> _Exercise aim_: Retype the whole listing, please, keeping every line exact and dropping the pictures.

> _Provided data_:
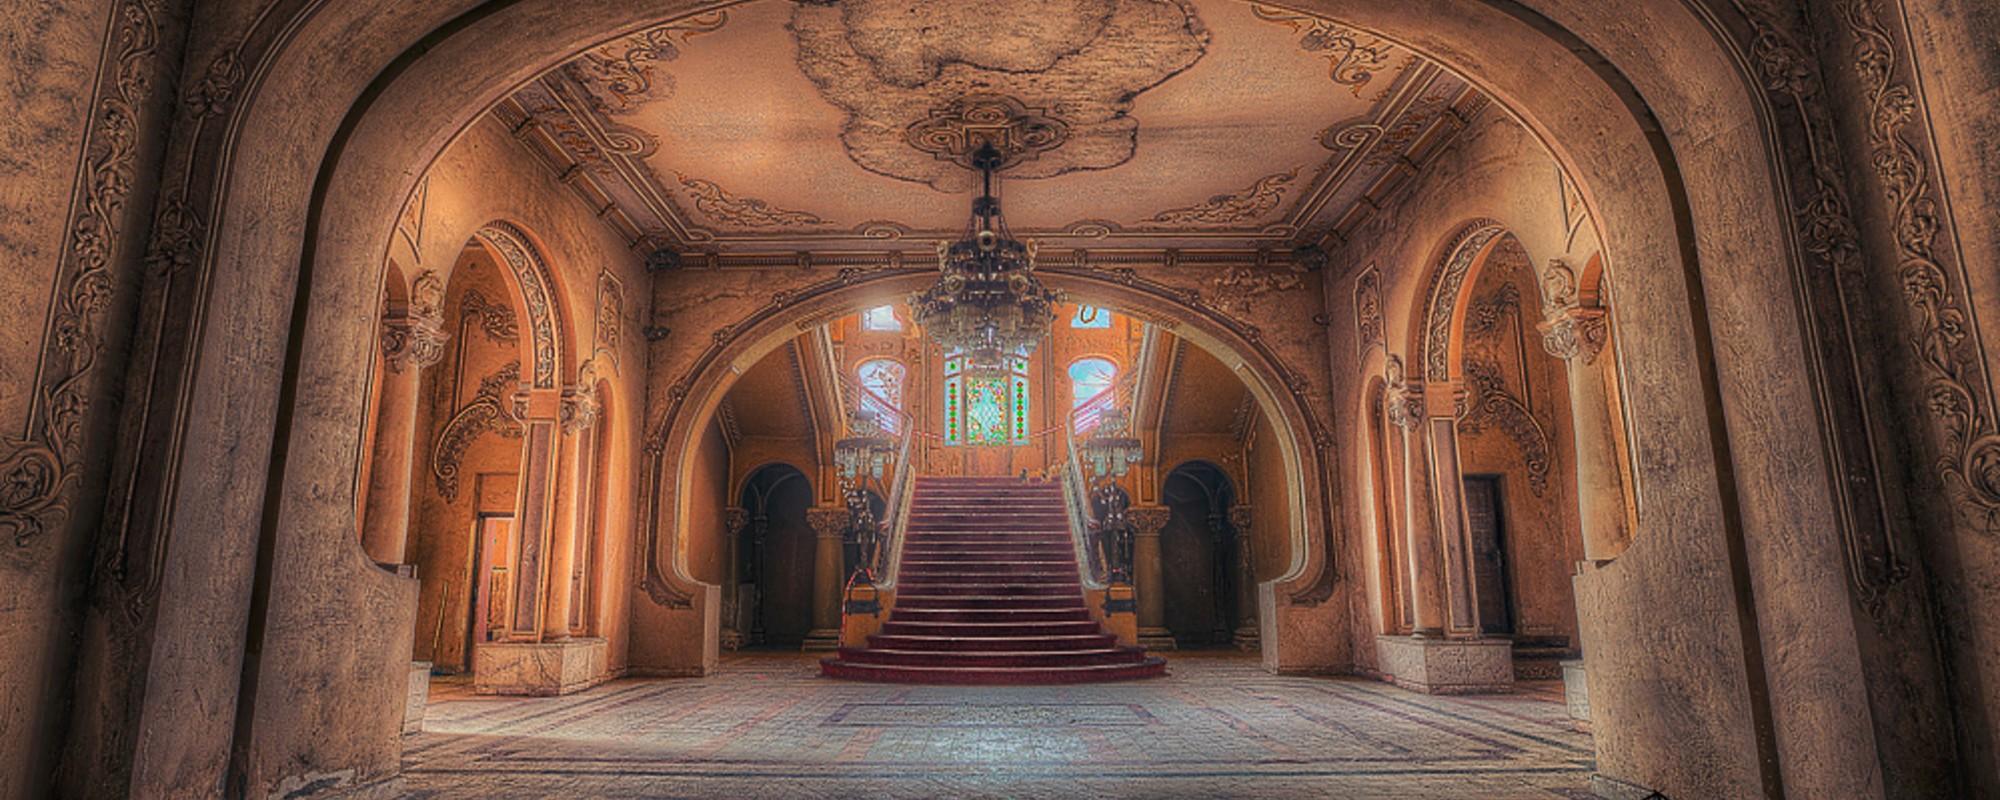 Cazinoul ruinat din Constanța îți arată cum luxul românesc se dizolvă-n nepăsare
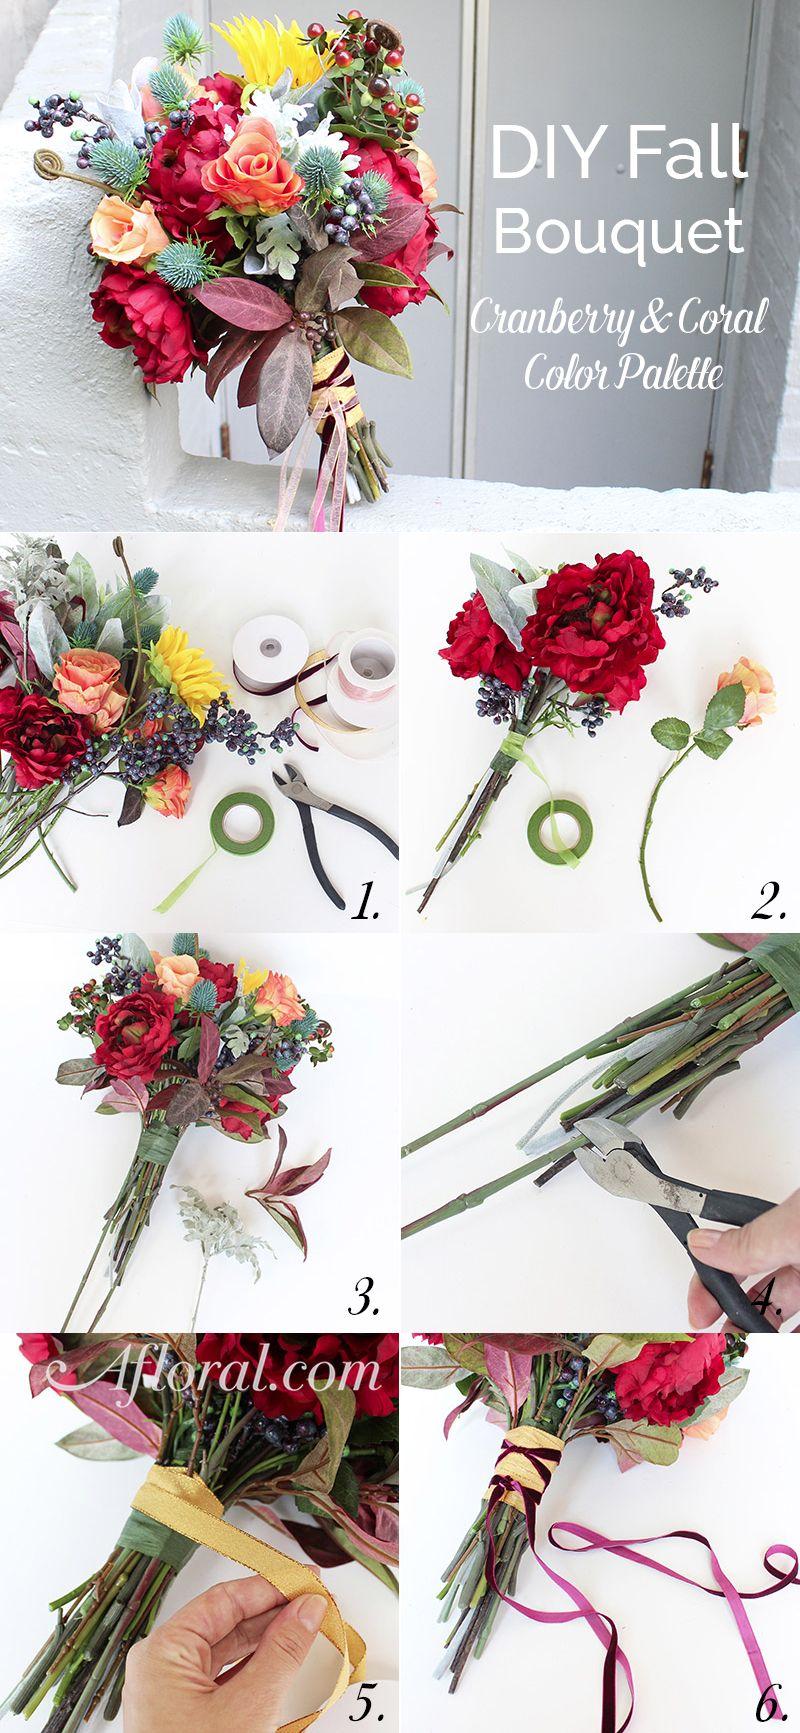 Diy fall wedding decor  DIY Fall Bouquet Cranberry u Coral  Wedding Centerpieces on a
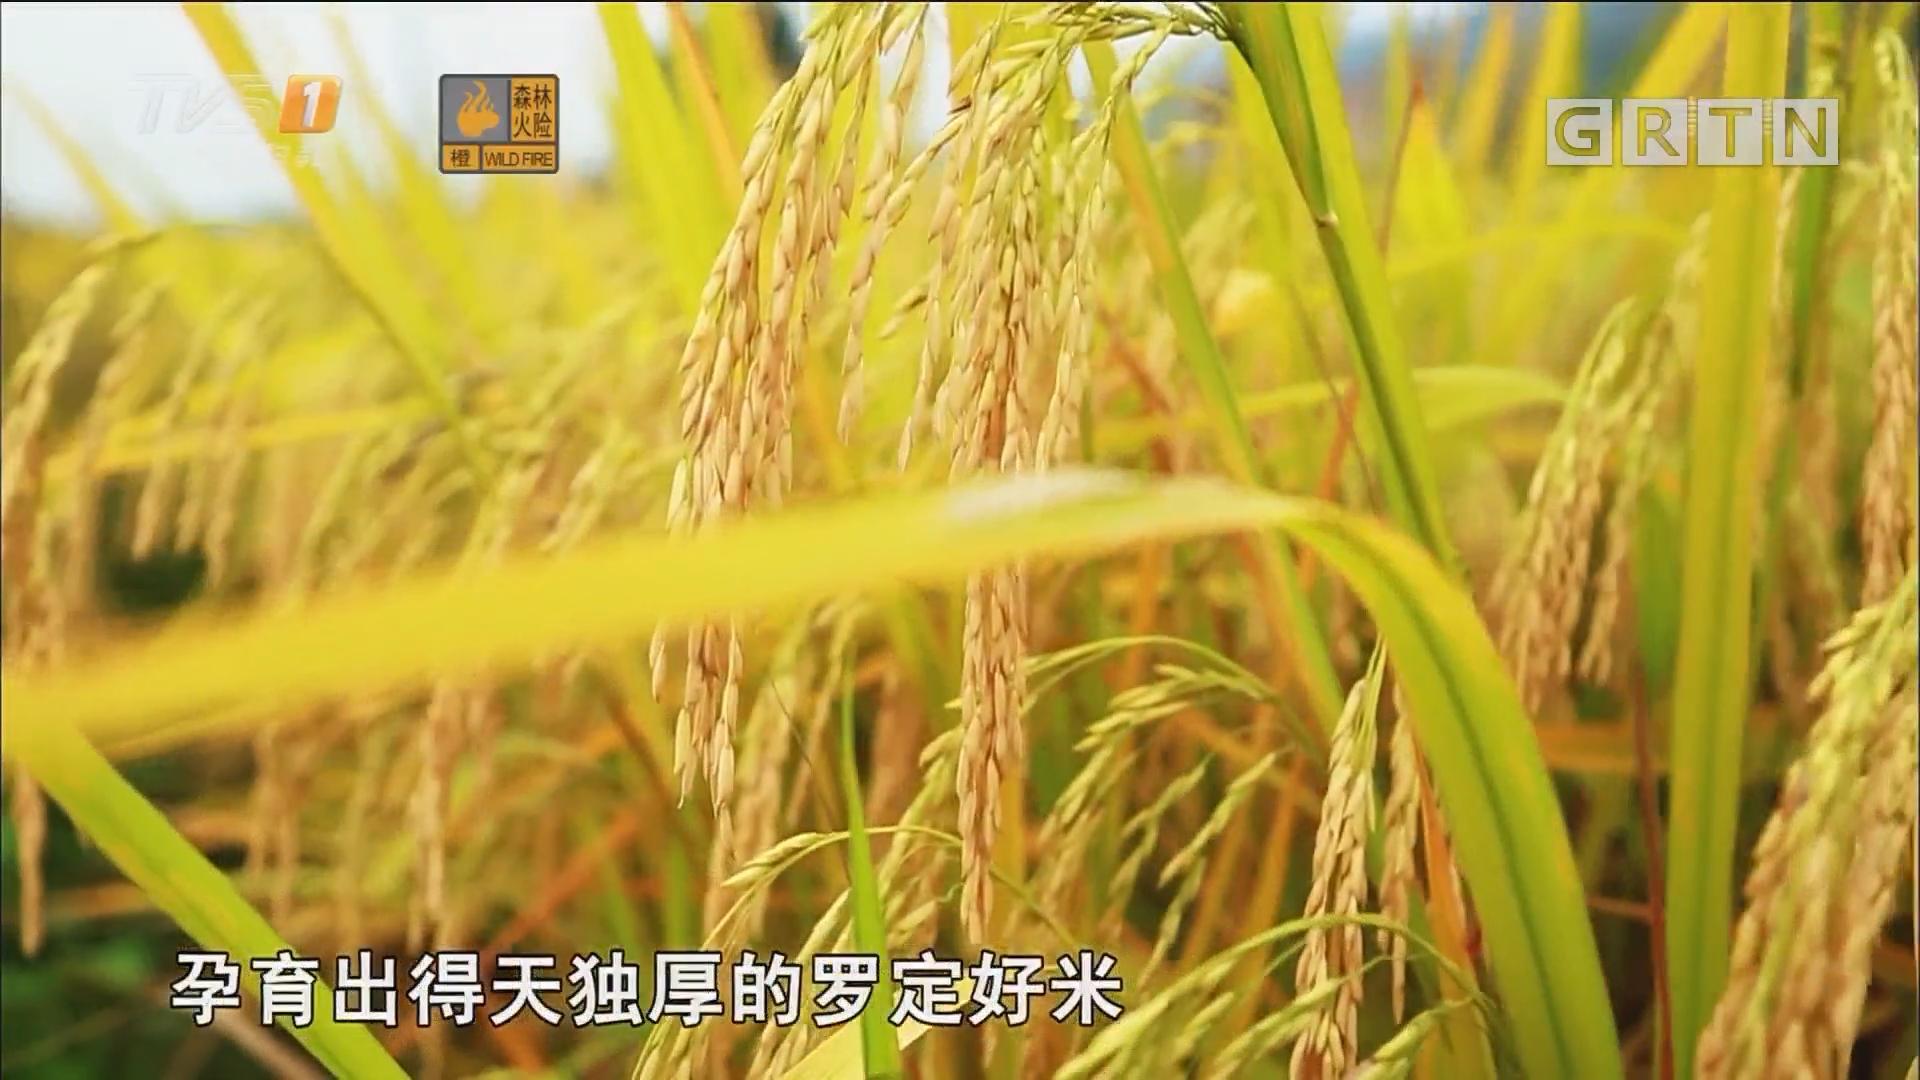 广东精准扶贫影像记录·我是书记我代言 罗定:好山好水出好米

> _Solved exercise_:
 Cazinoul ruinat din Constanța îți arată cum luxul românesc se dizolvă-n nepăsare
 Diy fall wedding decor  DIY Fall Bouquet Cranberry u Coral  Wedding Centerpieces on a
 广东精准扶贫影像记录·我是书记我代言 罗定:好山好水出好米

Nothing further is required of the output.